• Problem description: Each line in the material below, starting at the one that contains "Bublédon Women's Plus" and ending at the one that contains "DHA tinh khiết", should be repeated exactly; the pictures should not.

• Data shown:
——————

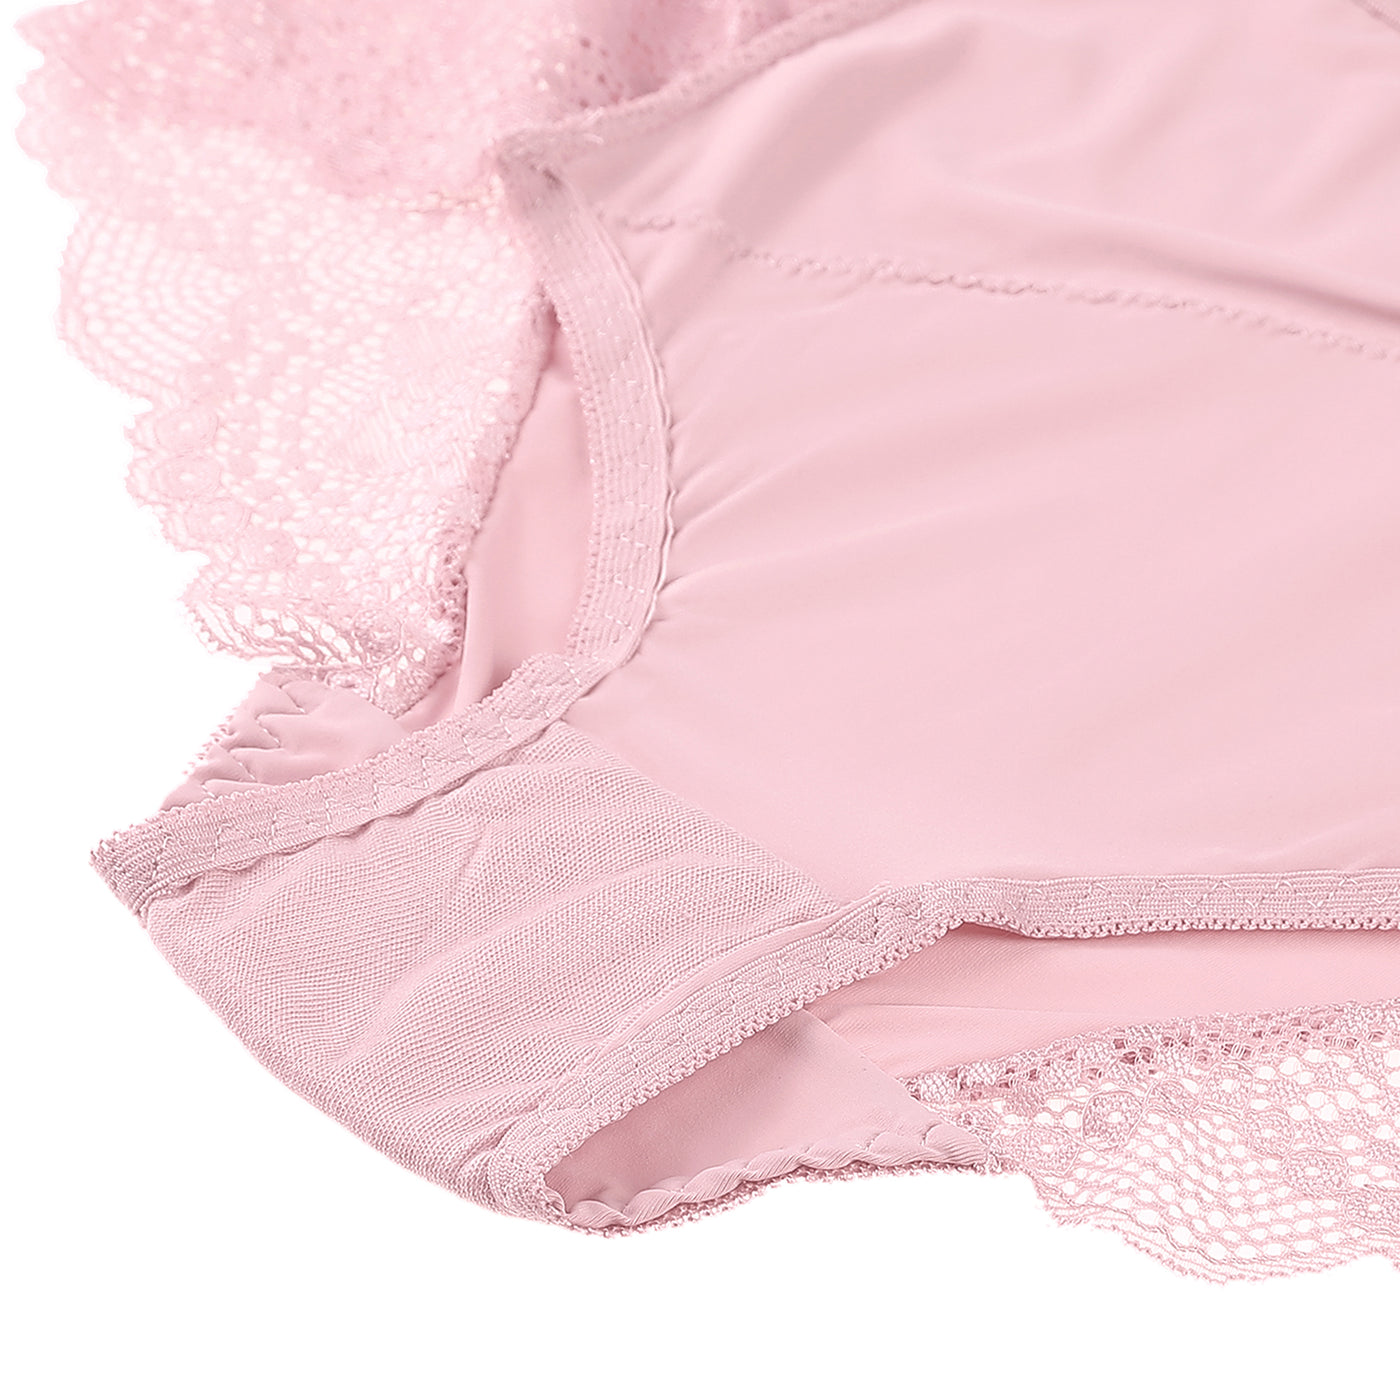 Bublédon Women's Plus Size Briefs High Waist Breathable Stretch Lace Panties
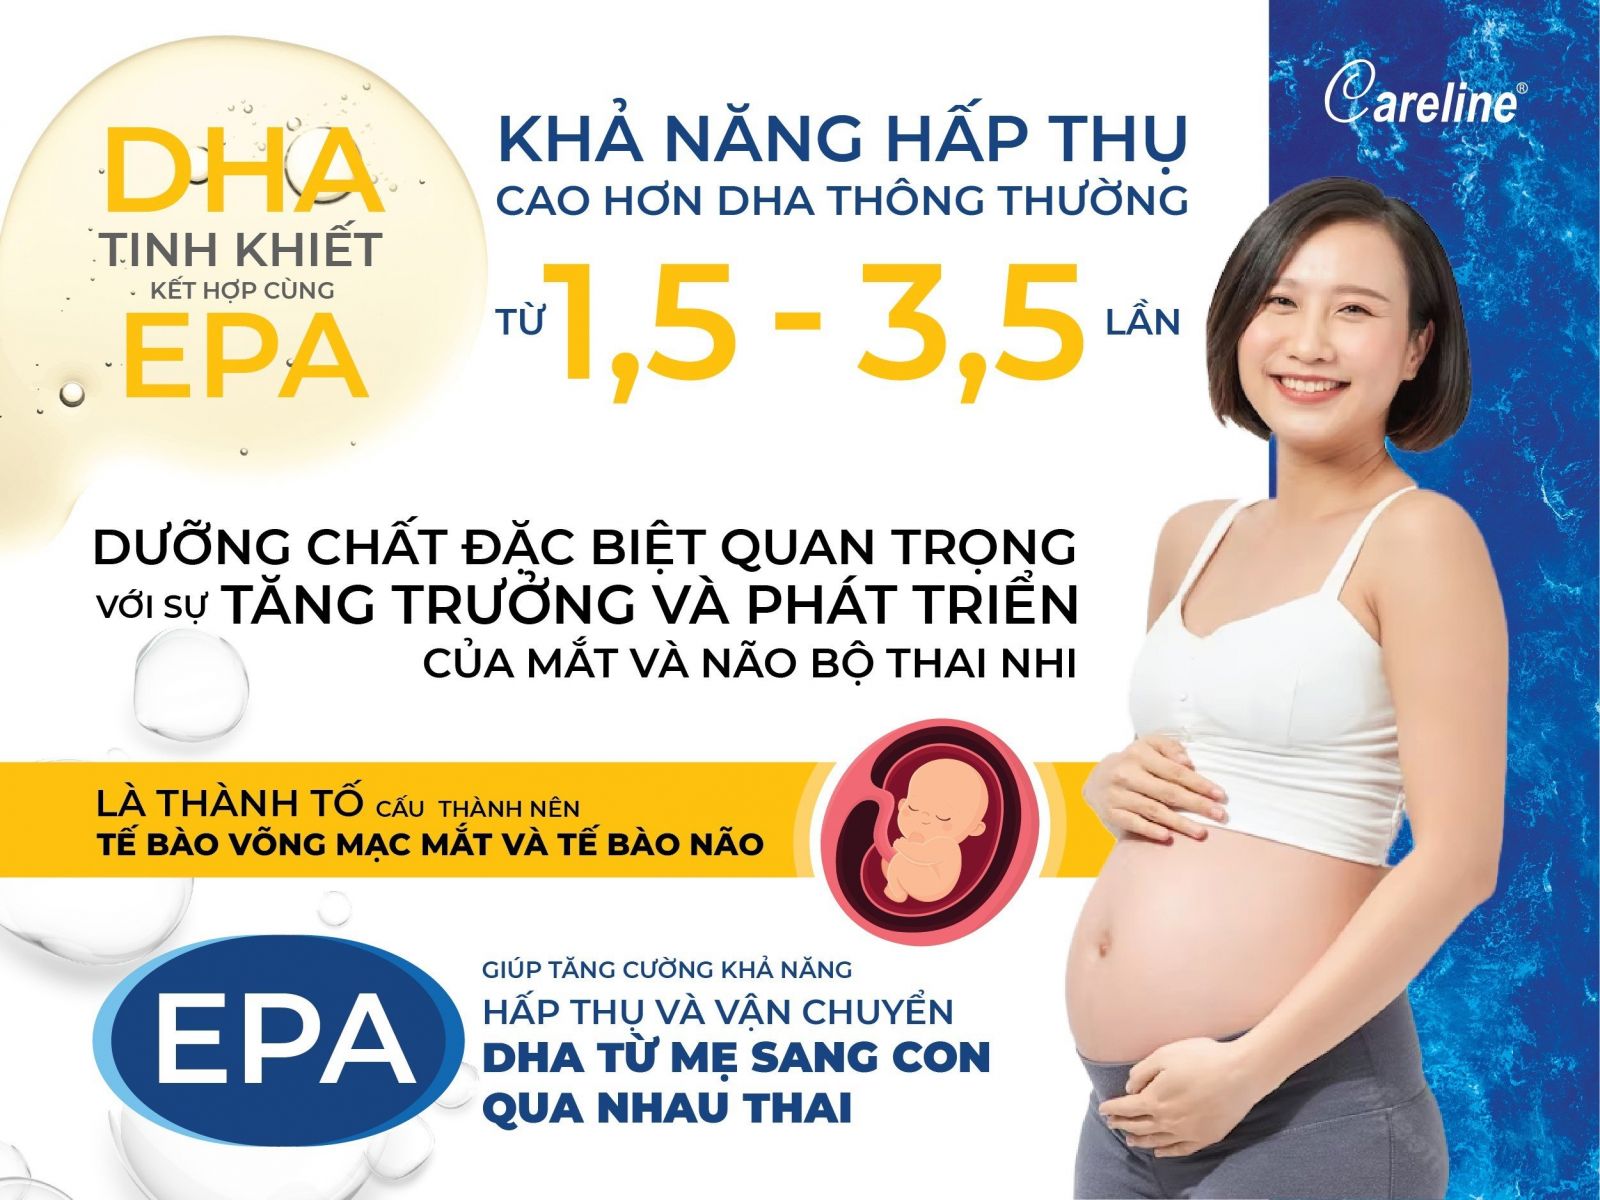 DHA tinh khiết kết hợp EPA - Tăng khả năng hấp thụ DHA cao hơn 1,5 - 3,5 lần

——————

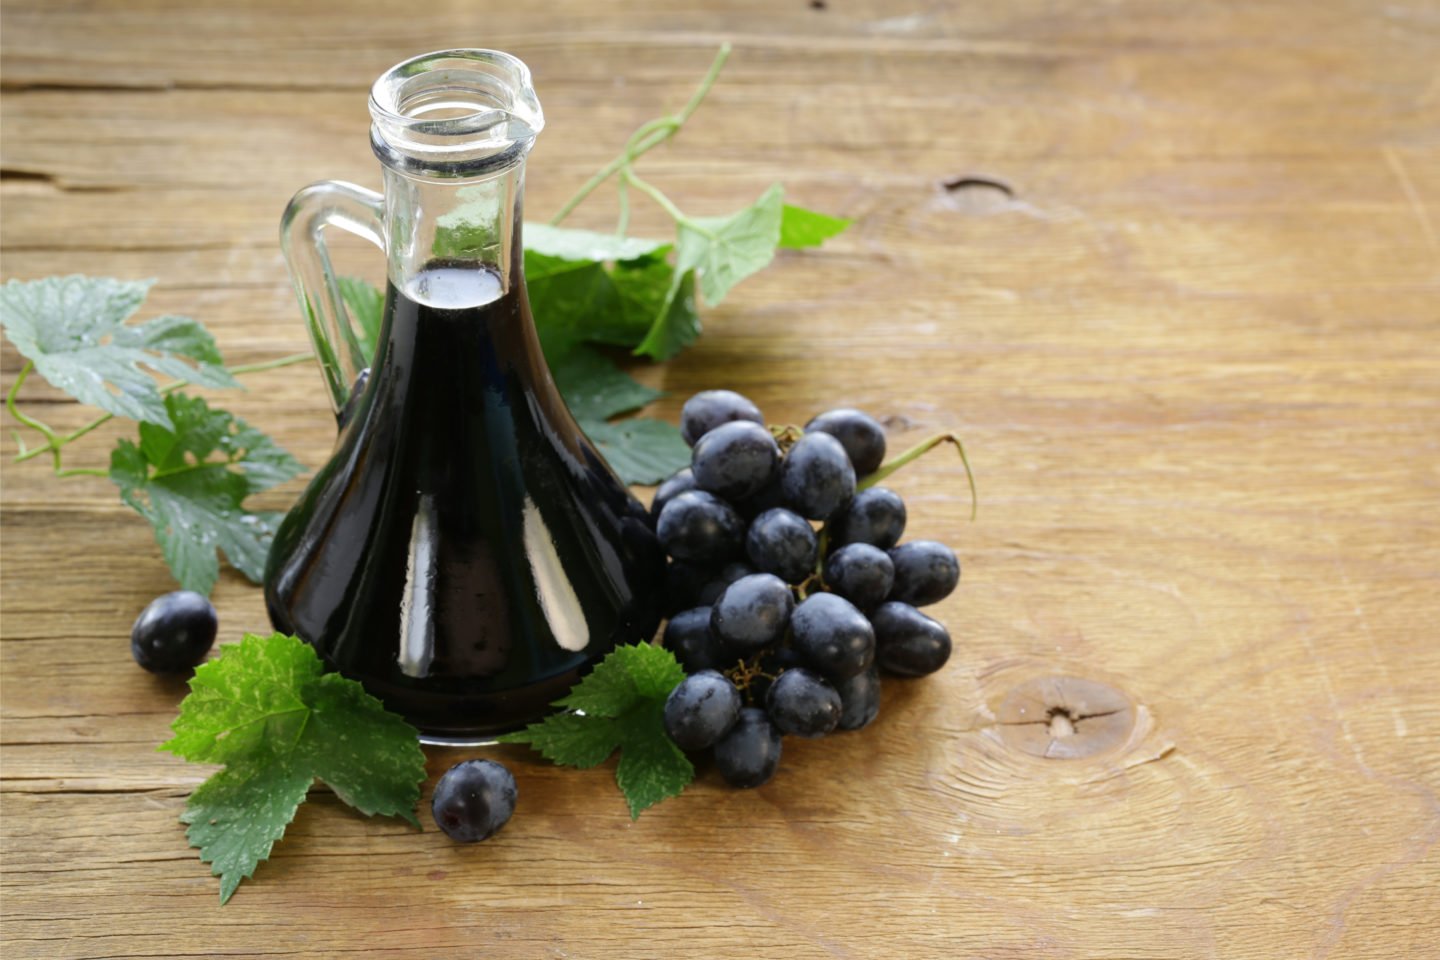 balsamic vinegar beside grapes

——————

• Completed task:
 Bublédon Women's Plus Size Briefs High Waist Breathable Stretch Lace Panties
 DHA tinh khiết kết hợp EPA - Tăng khả năng hấp thụ DHA cao hơn 1,5 - 3,5 lần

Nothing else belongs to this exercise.